Мои губы сами по себе растягиваются в кривой ухмылке.
– Дана?! – фыркаю я. – Она что, всё тебе рассказывает? Почему ты вообще с ней видишься? Какое она имеет к тебе отношение?
– Никакого, – тут же отвечает Брайан, – мы просто пересекаемся с ней на разных тусовках.
– Ясно, – поджимаю губы, – значит, она должна была рассказать тебе, почему сорвалась наша свадьба.
– Ну, допустим, – брат тяжело вздыхает. Его лицо в один миг становится злее, острее. Ноздри раздуваются. – Этот козёл изменил тебе. Это правда?
– Нет, то есть да, это правда. Вот только он не изменил, а изменял. Долго, часто, систематически и за моей спиной.

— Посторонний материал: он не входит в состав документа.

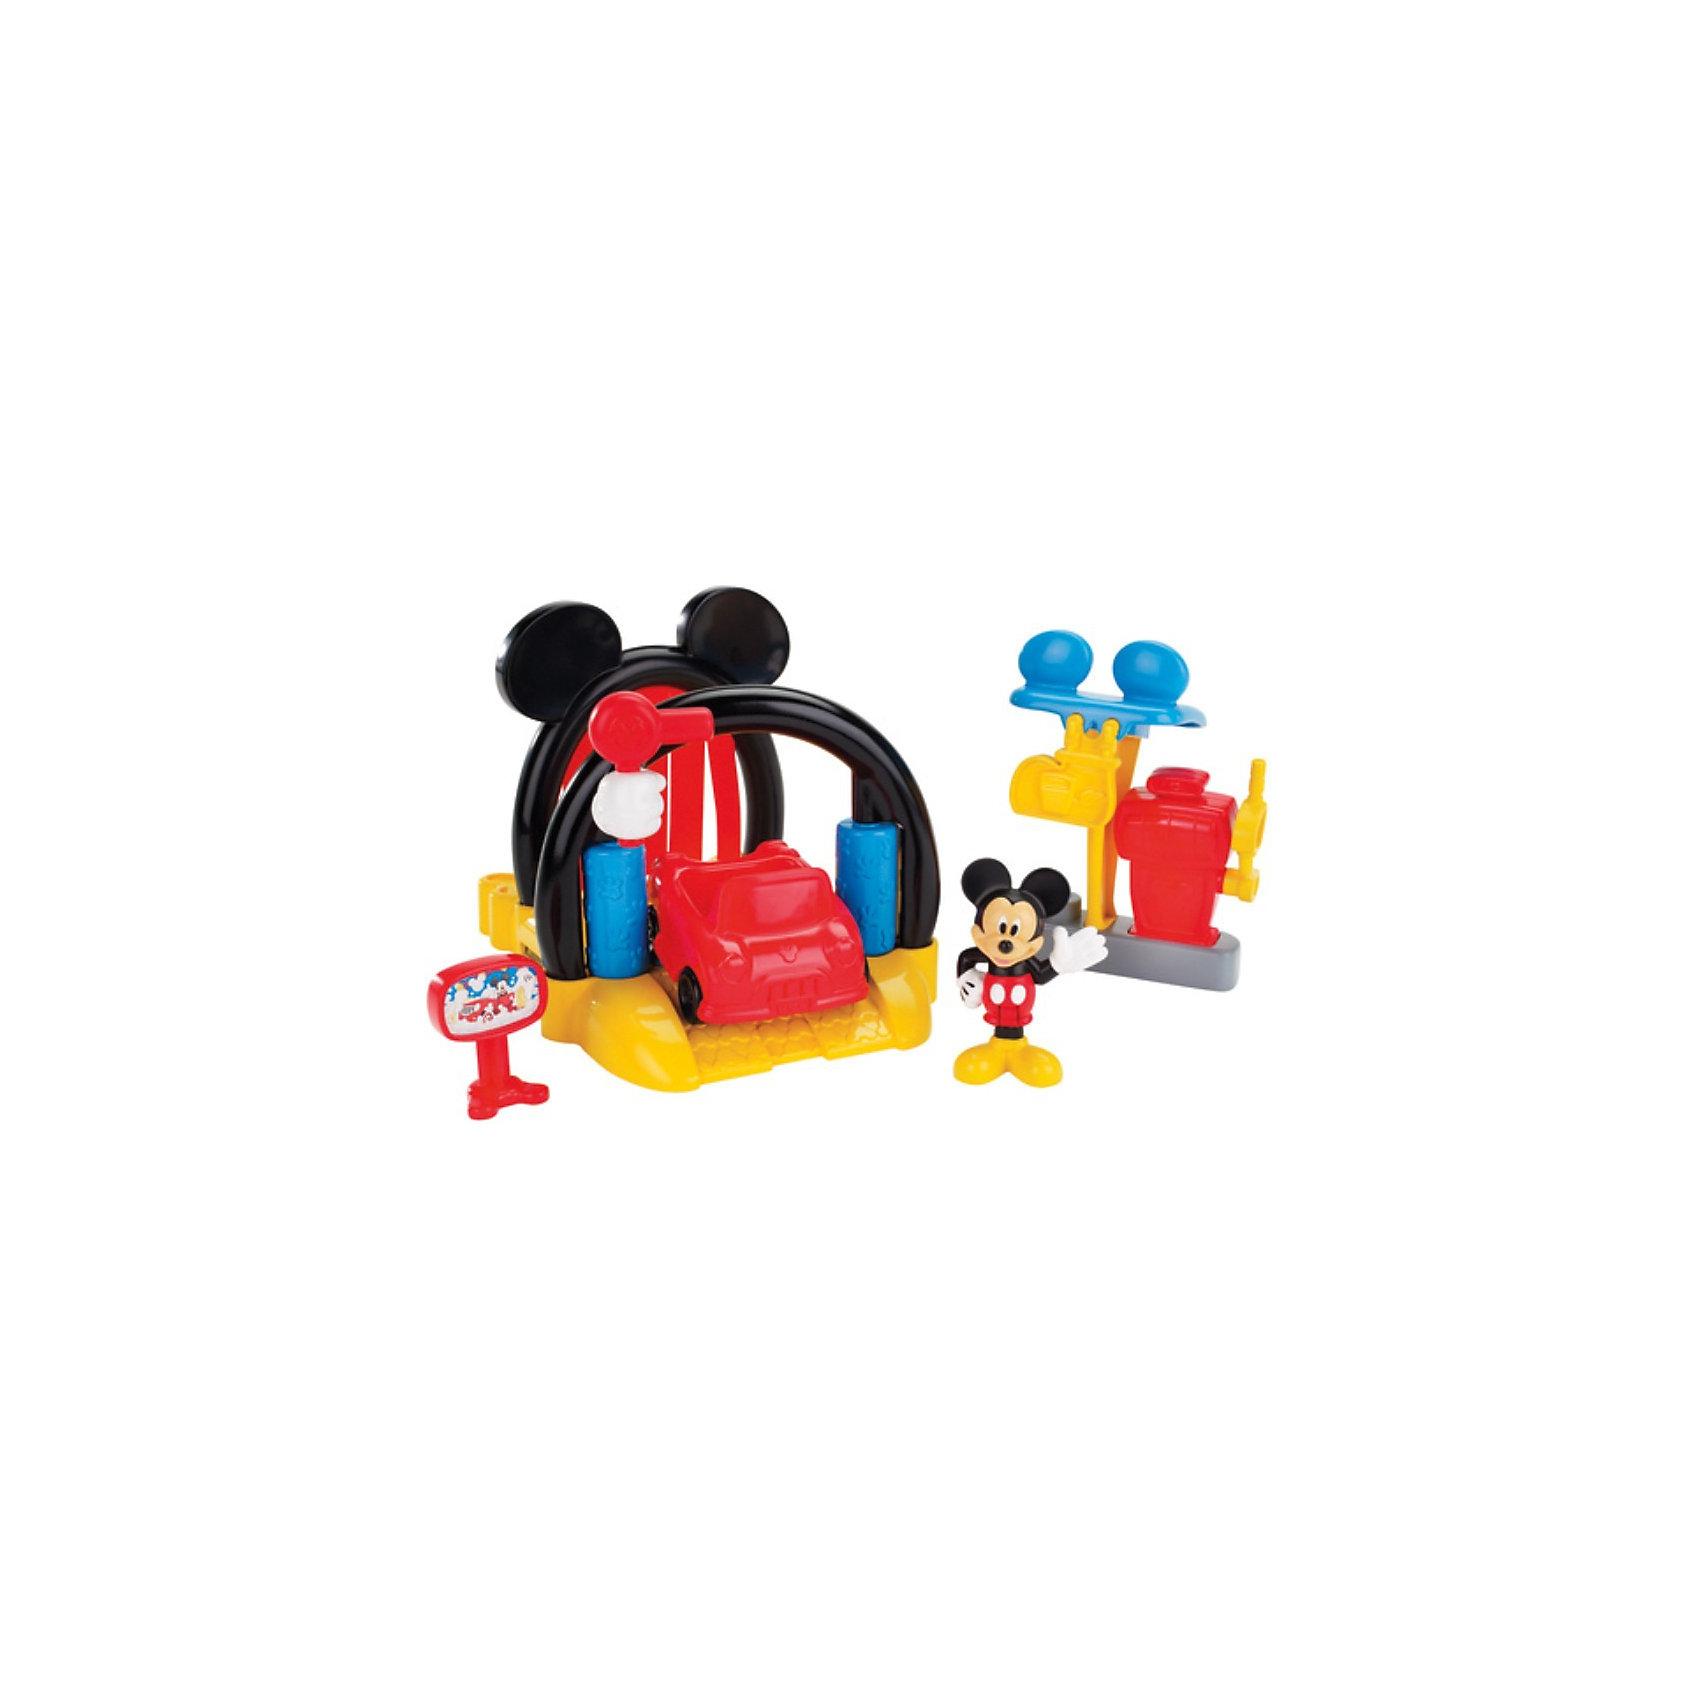 Игровой набор Автомойка, Микки МаусИгровой набор Автомойка, Микки Маус, Fisher-Price обязательно привлечет внимание Вашего ребенка своей красочностью и множеством занимательных деталей. Дизайн набора выполнен в стиле популярных диснеевских мультфильмов о мышонке Микки-Маусе (Mickey Mouse) и его друзьях. Машина Микки загрязнилась и он привез почистить ее на автомойку. Красочная автомойка с аркой в виде головы Микки оснащена всем необходимым для ухода за автомобилем. <br><br>Поместите машину на желтую платформу и потяните специальный рычажок - машина отправится на промывку: сначала она пройдет участок с тканевыми занавесками, где покроется пеной, затем пройдет через ролики для сильной очистки, и в завершение -просушка. После мойки машины ее можно будет заправить на заправке  с помощью канистры с топливом. У машинки крутятся колеса, у фигурки Микки сгибаются ноги, его можно посадить в машинку.<br><br>Дополнительная информация:<br><br>- В комплекте: фигурка Микки, автомобиль, автомойка, автозаправка, топливная станция.<br>- Материал: пластик, текстиль.<br>- Высота фигурки: 7 см.<br>- Размер автомобиля: 7,5 см.<br>- Размер автомойки: 20 х 16 х 13,5 см.<br>- Размер упаковки: 35,5 х 16 х 23 см.<br>- Вес: 0,909 кг.<br><br>Игровой набор Автомойка, Микки Маус, Fisher-Price (Фишер-Прайс) можно купить в нашем интернет-магазине.<br><br>Ширина мм: 230<br>Глубина мм: 160<br>Высота мм: 355<br>Вес г: 909<br>Возраст от месяцев: 36<br>Возраст до месяцев: 84<br>Пол: Женский<br>Возраст: Детский<br>SKU: 3847355

Брайан сжимает кулаки, и, слава богу, я вижу в его взгляде гнев, а не жалость.
И мне хочется его обнять. Хочется вспомнить, как это – иметь старшего брата. Но я продолжаю стоять на месте, а он ничего больше не говорит.
– Ладно, – отмираю, распахивая дверь, – разложу свои вещи.
Брайан молча кивает и быстро пересекает коридор, исчезая за дверью собственной комнаты. Я смотрю ему вслед, а потом перевожу взгляд на свои апартаменты. Поднимаю чемодан и захожу внутрь.
Моя комната, конечно, не изменилась в размерах, но всё равно кажется ещё теснее, чем прежде. Большую её часть занимает кровать, плюс шкаф средних размеров – и вот уже невозможно протиснуться к окну. Кстати, очень грязному окну.
Брезгливо провожу пальцем по деревянной раме и стеклу, размазывая пыль по поверхности. Занавеску даже трогать не хочется, она висит здесь последние пять лет, и если присмотреться, то станет очевидно, что когда-то она была однотонной бежевой тканью, а сейчас покрыта паутиной, напоминающей замысловатый рисунок.
На секунду отвлекаюсь от любования запустениями. Моё внимание привлекает подъехавшая к дому машина – тёмно-синий кабриолет какой-то сверхдорогой марки. За рулём парень в солнцезащитных очках, закрывающих половину его лица. Плотно облегающая футболка на нём не оставляет без внимания прокачанные мышцы плеч и груди.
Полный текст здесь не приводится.